LUWU  - Bupati Luwu Basmin Matayang merespon baik wacana pemerintah atas pemindahan ibu kota negara dari Jakarta ke luar Pulau Jawa.  

Menurut Basmin Mattayang, jika masyarakat menginginkan dan mengusulkan kabupaten Luwu dijadikan sebagai ibu kota negara maka tentu masyarakat sangat berterima kasih.

“jika kabupaten Luwu dijadikan sebagai Ibu kota negara maka tentu kita semua siap dan berterima kasih, hal ini seperti Bintang jatuh dari langit buat kita semua,” katanya saat ditemui di kantor Bupati Luwu, Rabu (01/05/2019).

Basmin mengatakan bahwa jika Luwu dijadikan ibu kota negara, maka pemerintah Kabupaten Luwu siap menyiapkan lahan.

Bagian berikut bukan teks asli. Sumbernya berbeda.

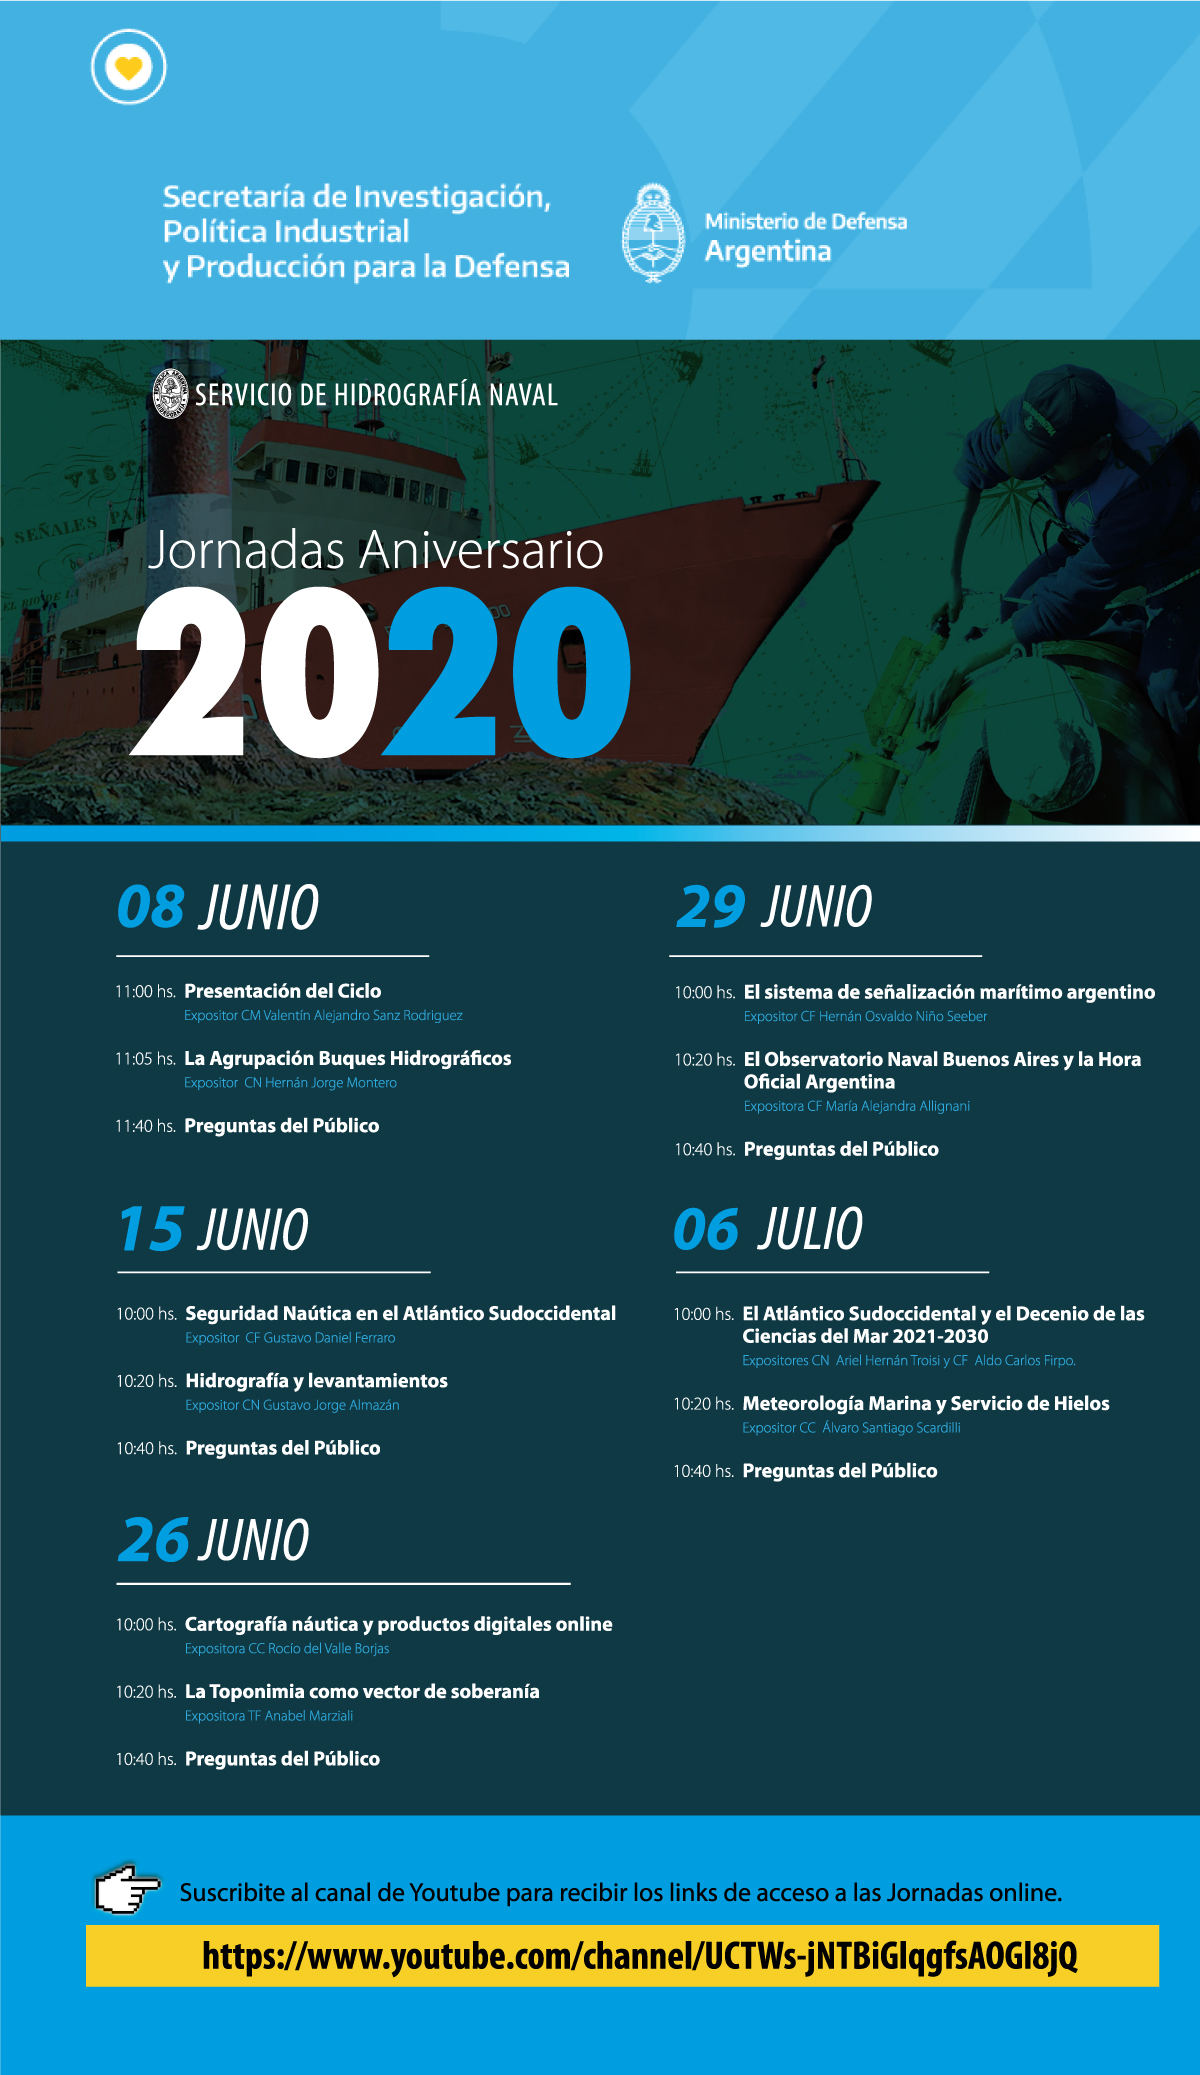 Cronograma de las Jornadas Aniversario 2020

“Lahannya kami siapkan karena Luwu ini masih punya potensi dijadikan ibu kota negara, dengan luas wilayahnya yang sekian puluh ribu hektar, ” ucapnya.


Selain didukung dengan lahan, kondisi daerah kabupaten Luwu selama ini aman dari gempa bumi, sementara daerah sekitarnya seperti kabupaten Wajo, kota Palopo, Luwu Utara, dan Luwu Timur serta Toraja Utara semuanaya berdekatan dan masih memiliki lahan yang cukup luas.

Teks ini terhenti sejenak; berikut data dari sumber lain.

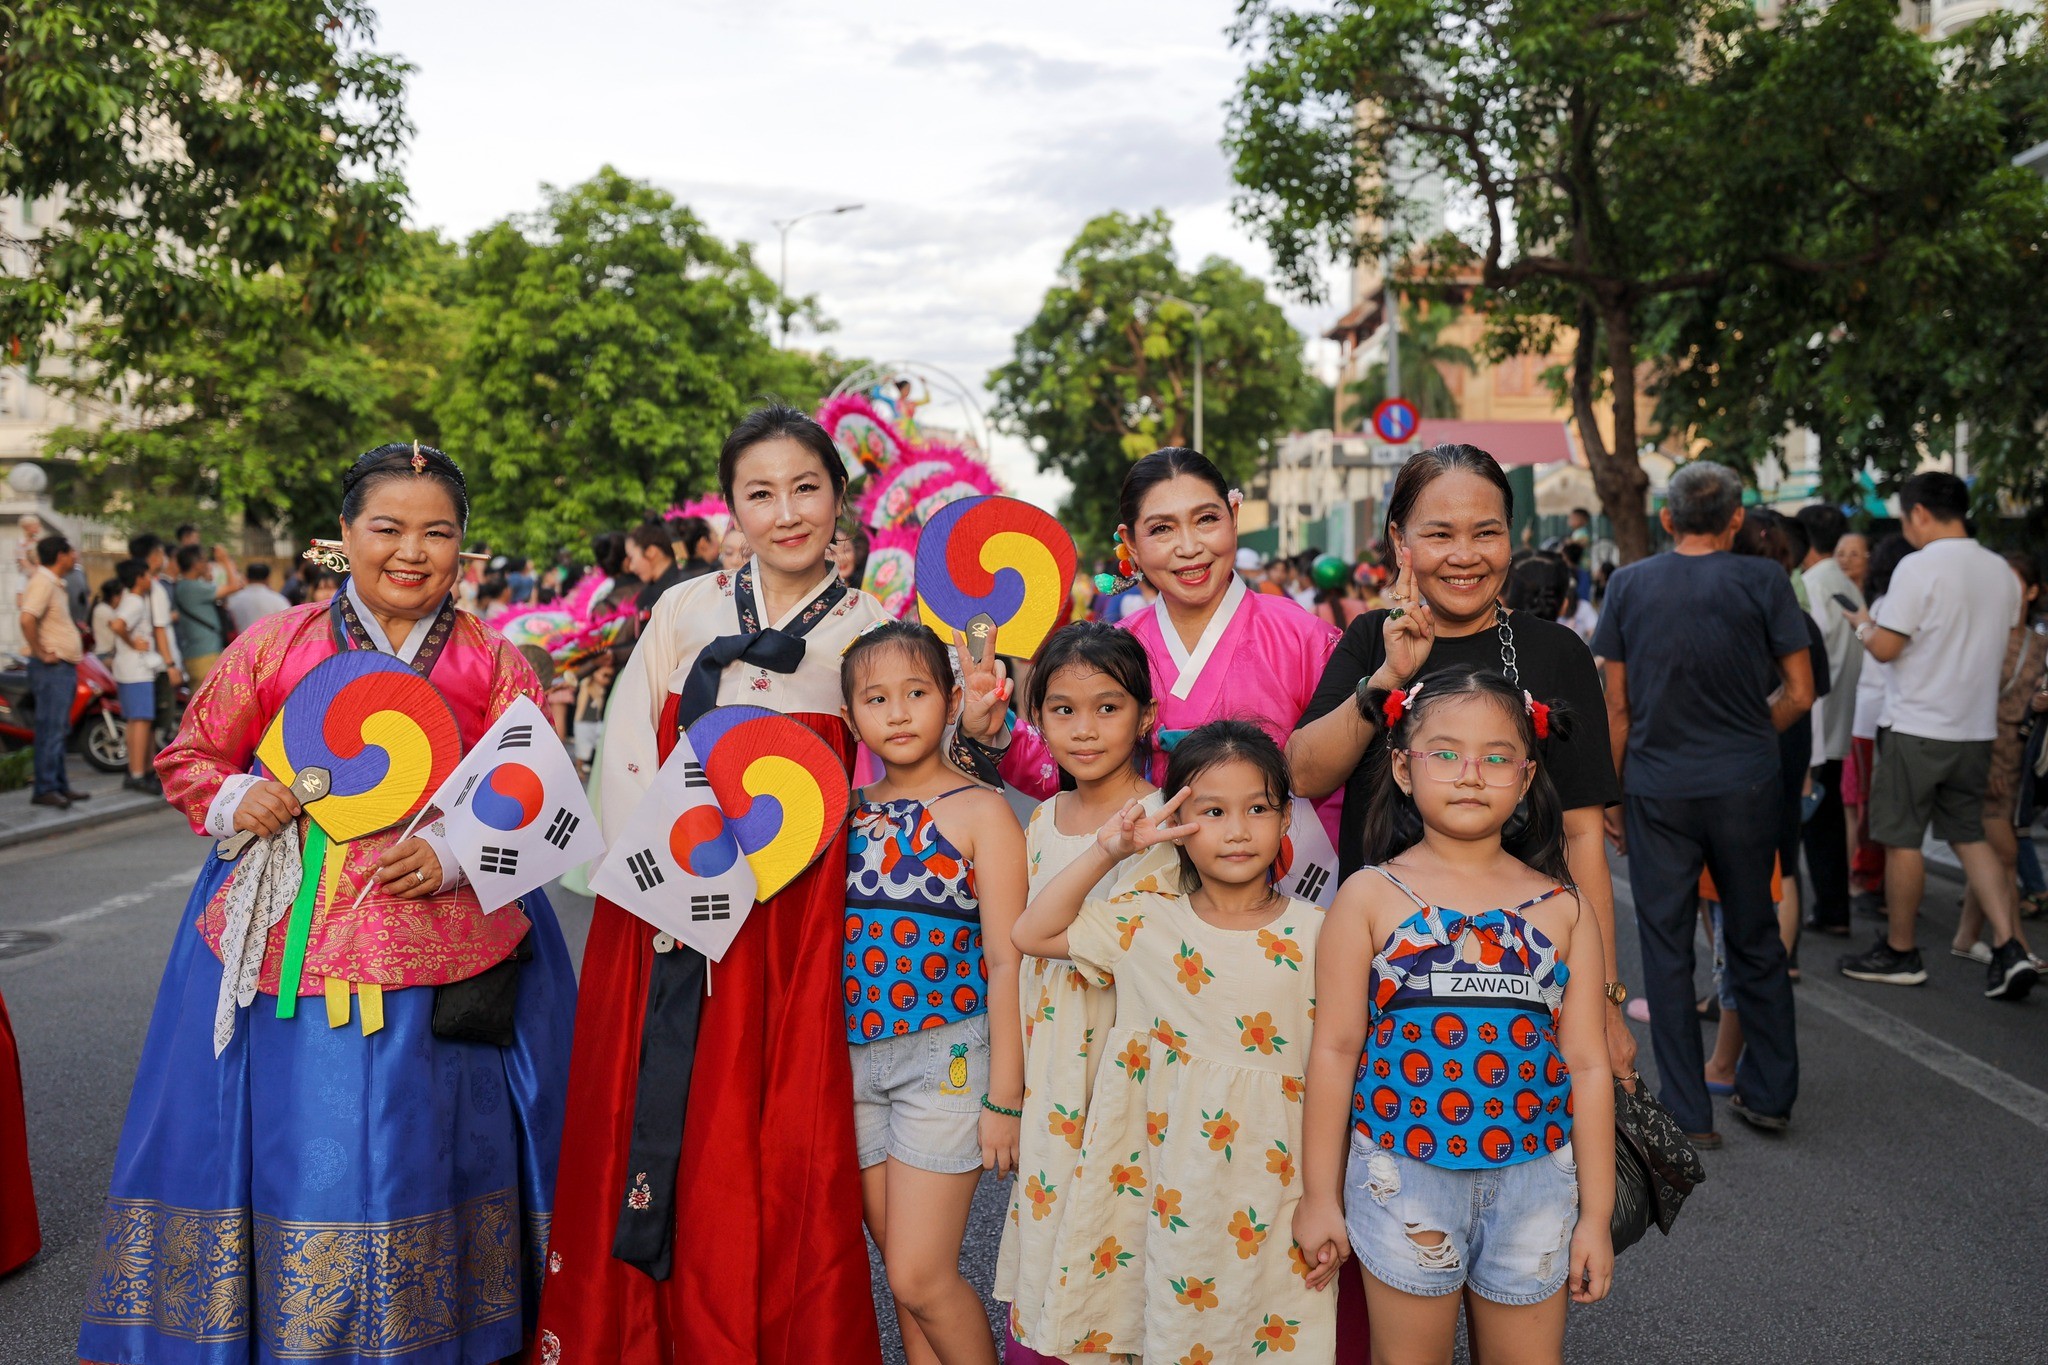 Các hoạt động trình diễn trên đường phố đa dạng sắc màu văn hóa, cộng hưởng giữa sự trình diễn của các nghệ sĩ cùng với sự cổ vũ đầy hào hứng, nhiệt tình của người dân và du khách đã tạo nên không khí sôi động trên đường phố Huế trong những ngày diễn ra Festival.

Wacana pemindahan ibu kota negara, Basmin Mattayang berharap agar kementerian tidak terpusat di dalam satu kota namun terbagi di beberapa provinsi, sementara institusi vertikal seperti Presiden, TNI dan Polri berada di ibu kota negara.

“Saya sangat sependapat dengan konsep presiden kita Joko Widodo untuk memindahkan ibu kota negara ke luar pulau jawa itu sangat tepat sekali, Cuma kalau boleh saran saya kementerian itu jangan terpusat dalam satu kota tetapi kementerian itu terbagi di beberapa provinsi, mungkin ada yang kita dapat di Sulawesi Selatan, mungkin ada di Kalimantan dan lain-lain sebagainya,” ujarnya.

Luas Kabupaten Luwu 3.000,25 km2 , Jumlah penduduk 335.828 jiwa, memiliki Bandar Udara Laga Ligo Bua, dan Pelabuhan Ulo-ulo, fasilitas kesehatan dan pendidikan cukup tersedia.